Also, the first area 201 includes the position of the first terminal 21, and the second area 202 includes the position of the second terminal 22. For this reason, conditioned air is blown out toward the input person who has input the target temperature to each of the first terminal 21 and the second terminal 22. For this reason, the input person does not need to move in order to input the request | requirement of an air conditioning. Therefore, the air conditioning system 100 is suitable when the input person is a sick person or patient who is difficult to move.

The air conditioner 10 adjusts the direction in which the conditioned air is blown to the direction of the input person when the input person who has input the target temperature moves. For this reason, even if an input person moves, the thermal environment which the said input person desires will be implement | achieved around the input person. As a result, the comfort of the user of the indoor space 200 can be improved.

Embodiment 2. FIG.
Next, the second embodiment will be described focusing on the differences from the first embodiment. In addition, about the structure which is the same as that of the said Embodiment 1, or equivalent, while using an equivalent code | symbol, the description is abbreviate | omitted or simplified. The air conditioning system 100a according to the present embodiment is different from the air conditioning system 100 according to the first embodiment in that two air conditioners are controlled by the control device.

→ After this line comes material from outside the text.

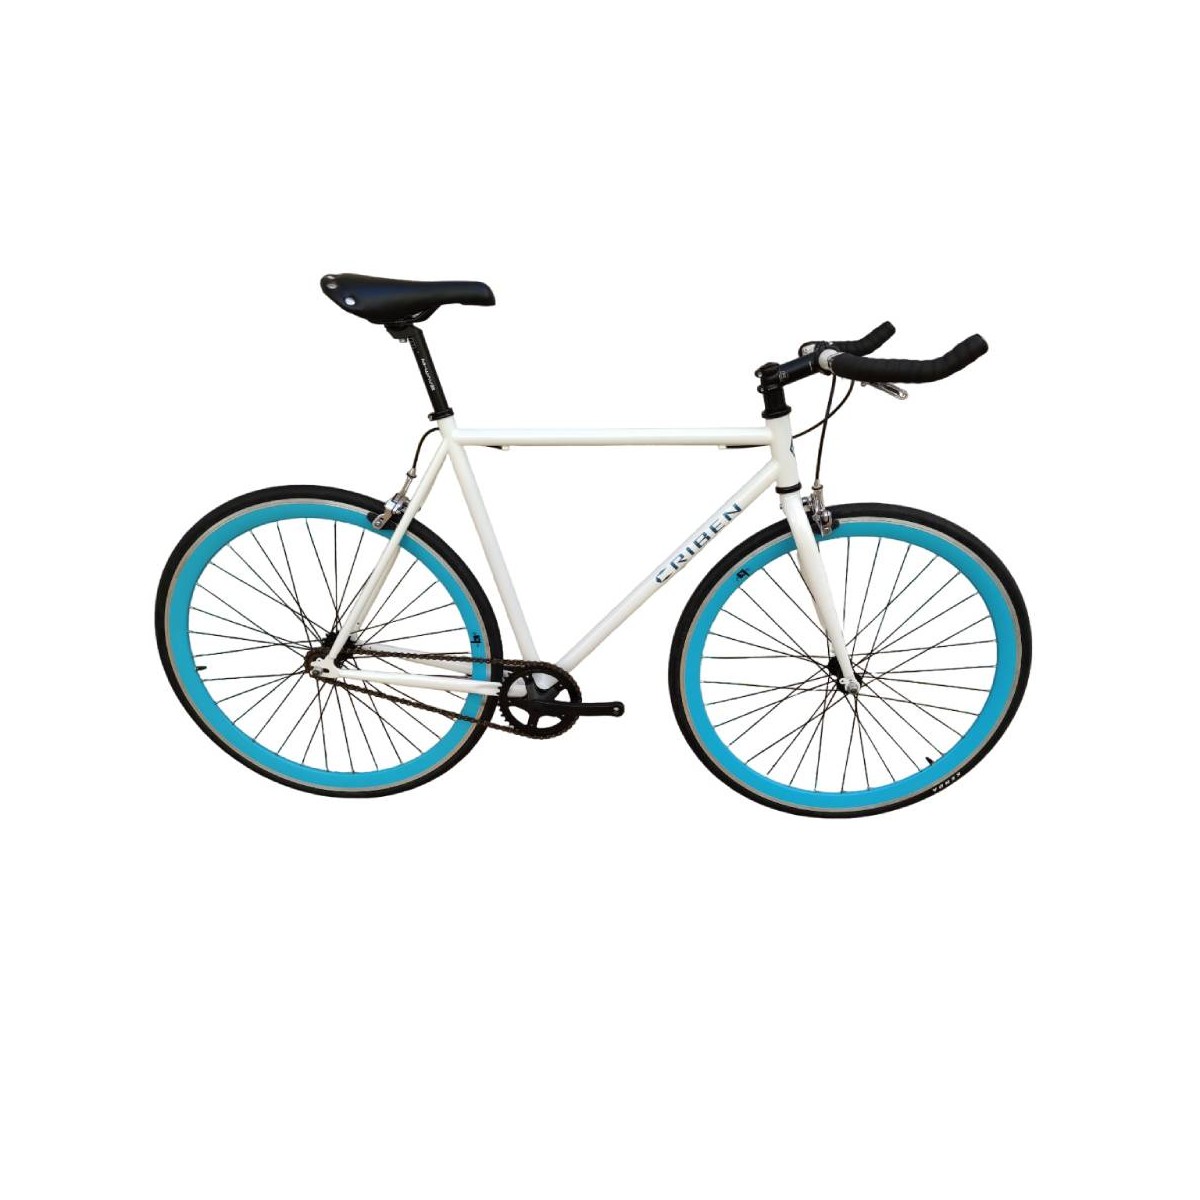 Bicicleta fixie blanca Criben y ruedas perfil

FIG. 18 shows a configuration of an air conditioning system 100a according to the present embodiment. The air conditioning system 100a includes air conditioning devices 10a and 10b and a control device 50 that controls these air conditioning devices 10a and 10b, instead of the air conditioning device 10 of the air conditioning system 100.

As shown in FIG. 18, the first terminal 21, the second terminal 22, the outdoor unit 31, the operation terminal 32, and the measuring device 33 are connected so as to be able to communicate with the control device 50. The first terminal 21 and the second terminal 22 perform wireless communication with the control device 50, and the outdoor unit 31, the operation terminal 32, and the measurement device 33 perform wired communication with the control device 50. Note that the communication method is not limited to this, and the communication method may be arbitrarily changed.

The control device 50 receives the operation information transmitted from the first terminal 21 and the second terminal 22. Further, the control device 50 receives position information indicating the position of the terminal from the measurement device 33. The control device 50 controls the air conditioners 10a and 10b and the outdoor unit 31.

The control device 50 is a device that comprehensively controls the air conditioners 10a and 10b, and corresponds to a device that executes processing equivalent to the arithmetic processing and control processing executed by the air conditioner 10 according to Embodiment 1. . The control device 50 is installed in a place where only persons concerned are allowed to enter. This place is, for example, a management room or a machine room of a building having an indoor space 200.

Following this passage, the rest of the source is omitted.